The Hills are alive with the sound of business.

Just two months after mega computer department store Micro Center took up numerous empty lots and opened on Kissena Boulevard in Kew Gardens Hills, three new businesses are set to open on the thoroughfare soon as well.

Main Street, the community’s central commercial strip, has long been the chief hub for business in the neighborhood, but the change Kissena Boulevard is undergoing has some residents and local civic leaders excited.

“People are starting to invest money,” said Mike Sidell, a resident of nearly 60 years. “I just walked past it and I see the difference.”

Mela’s Café will replace a defunct diner and open on 71-02 Kissena Blvd. in about three weeks, said new owners Franklin Rivera and his wife, Ketty. It will serve Latin American cuisine and expects to sell alcohol — the owners are waiting for a response for their liquor license application.

Rivera, who owns the Brooklyn-based restaurant supply company Los Primos Meat Market, said it was simply time for the family to own a restaurant. Ketty will serve as head chef, while he will be in and out as a manager.

The restaurant was named after their daughter Melissa’s nickname “Mela,” because they thought it would be easy to remember. Rivera said he’s excited for the restaurant’s grand opening and the business boom in the area as well.
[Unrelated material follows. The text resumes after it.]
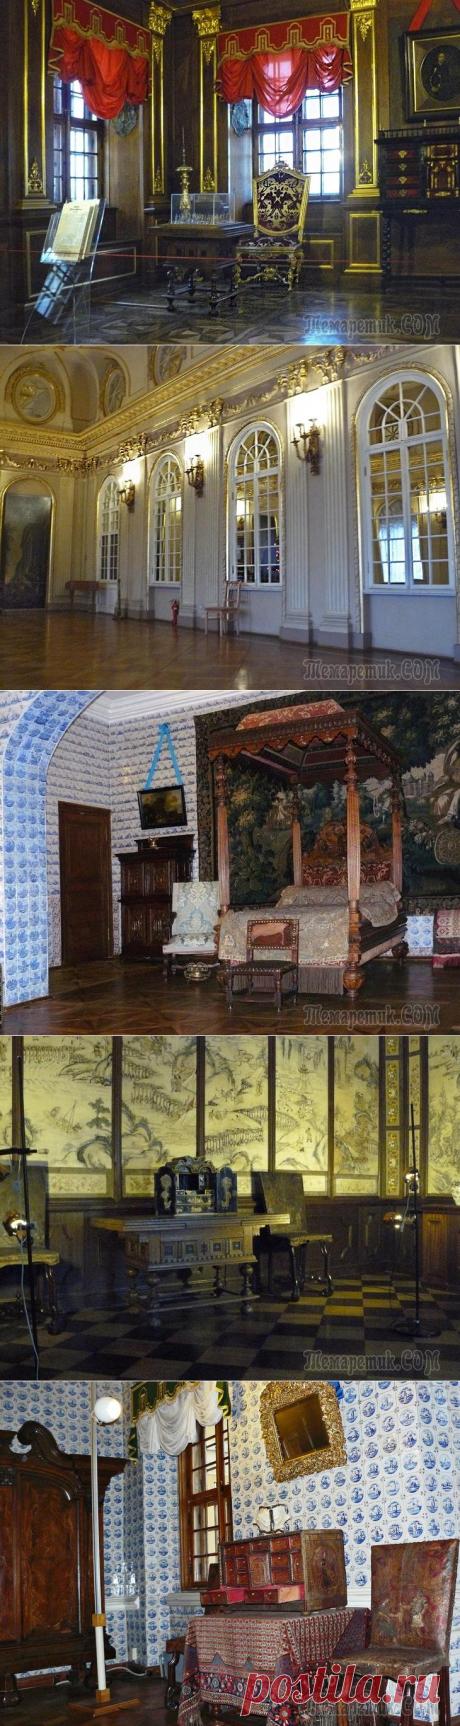 По волнам моей памяти... Меншиковский дворец

“On a scale of one to 100, I’m 150 percent excited,” he said. “Business booming is good. It means more people.”

On the next block, two restaurants are set to open, including Wings on Top, which will share space with an extant Subway restaurant.

Despite the influx, not everyone is confident that the change is for the better.

“As far of restaurants are concerned, it comes and goes like the days of the week,” said Jim Jaffe, a director of the Kew Gardens Hills Civic Association. “There is a big turnover in restaurants in this community. That’s not a rock-solid business.”